*TO DO:*
Whenever a line below includes the word "Diamant", copy that line.

════════════════

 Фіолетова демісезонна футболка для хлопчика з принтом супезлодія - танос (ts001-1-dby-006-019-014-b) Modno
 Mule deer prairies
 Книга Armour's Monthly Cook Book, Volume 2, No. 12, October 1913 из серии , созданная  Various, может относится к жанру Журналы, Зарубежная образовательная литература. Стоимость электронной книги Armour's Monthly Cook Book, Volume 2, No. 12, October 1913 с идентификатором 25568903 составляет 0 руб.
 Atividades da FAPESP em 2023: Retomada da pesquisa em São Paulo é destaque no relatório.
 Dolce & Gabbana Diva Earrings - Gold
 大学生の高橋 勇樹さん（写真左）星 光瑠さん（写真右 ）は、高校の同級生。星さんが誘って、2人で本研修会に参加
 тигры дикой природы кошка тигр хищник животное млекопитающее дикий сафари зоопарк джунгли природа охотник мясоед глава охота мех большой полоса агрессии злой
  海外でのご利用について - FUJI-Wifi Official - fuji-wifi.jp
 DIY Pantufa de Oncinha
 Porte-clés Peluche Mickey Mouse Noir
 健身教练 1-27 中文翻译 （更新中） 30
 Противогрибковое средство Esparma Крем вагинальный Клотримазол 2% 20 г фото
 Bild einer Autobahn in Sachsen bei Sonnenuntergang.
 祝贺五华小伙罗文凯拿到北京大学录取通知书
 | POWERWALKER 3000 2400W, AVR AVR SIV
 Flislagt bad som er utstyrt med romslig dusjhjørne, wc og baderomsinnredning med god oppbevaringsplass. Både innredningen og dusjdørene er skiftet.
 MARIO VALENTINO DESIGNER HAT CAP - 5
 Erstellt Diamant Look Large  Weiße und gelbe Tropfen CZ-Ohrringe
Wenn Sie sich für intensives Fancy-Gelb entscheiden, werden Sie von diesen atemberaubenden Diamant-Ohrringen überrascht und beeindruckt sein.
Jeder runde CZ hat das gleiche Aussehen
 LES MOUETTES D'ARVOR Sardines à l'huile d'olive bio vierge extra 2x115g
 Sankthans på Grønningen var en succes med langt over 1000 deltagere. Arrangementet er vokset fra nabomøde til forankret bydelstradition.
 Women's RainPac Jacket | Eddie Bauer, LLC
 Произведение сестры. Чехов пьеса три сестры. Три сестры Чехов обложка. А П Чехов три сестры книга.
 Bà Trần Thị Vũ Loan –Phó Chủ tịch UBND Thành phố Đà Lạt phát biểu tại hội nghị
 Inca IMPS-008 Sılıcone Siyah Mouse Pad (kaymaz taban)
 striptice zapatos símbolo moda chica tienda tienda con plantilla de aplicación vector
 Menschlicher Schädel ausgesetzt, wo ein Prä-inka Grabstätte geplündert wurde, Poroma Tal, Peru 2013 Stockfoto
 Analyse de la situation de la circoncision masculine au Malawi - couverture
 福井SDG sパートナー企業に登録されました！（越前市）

════════════════

*PROBLEM SOLUTION:*
 Erstellt Diamant Look Large  Weiße und gelbe Tropfen CZ-Ohrringe
Wenn Sie sich für intensives Fancy-Gelb entscheiden, werden Sie von diesen atemberaubenden Diamant-Ohrringen überrascht und beeindruckt sein.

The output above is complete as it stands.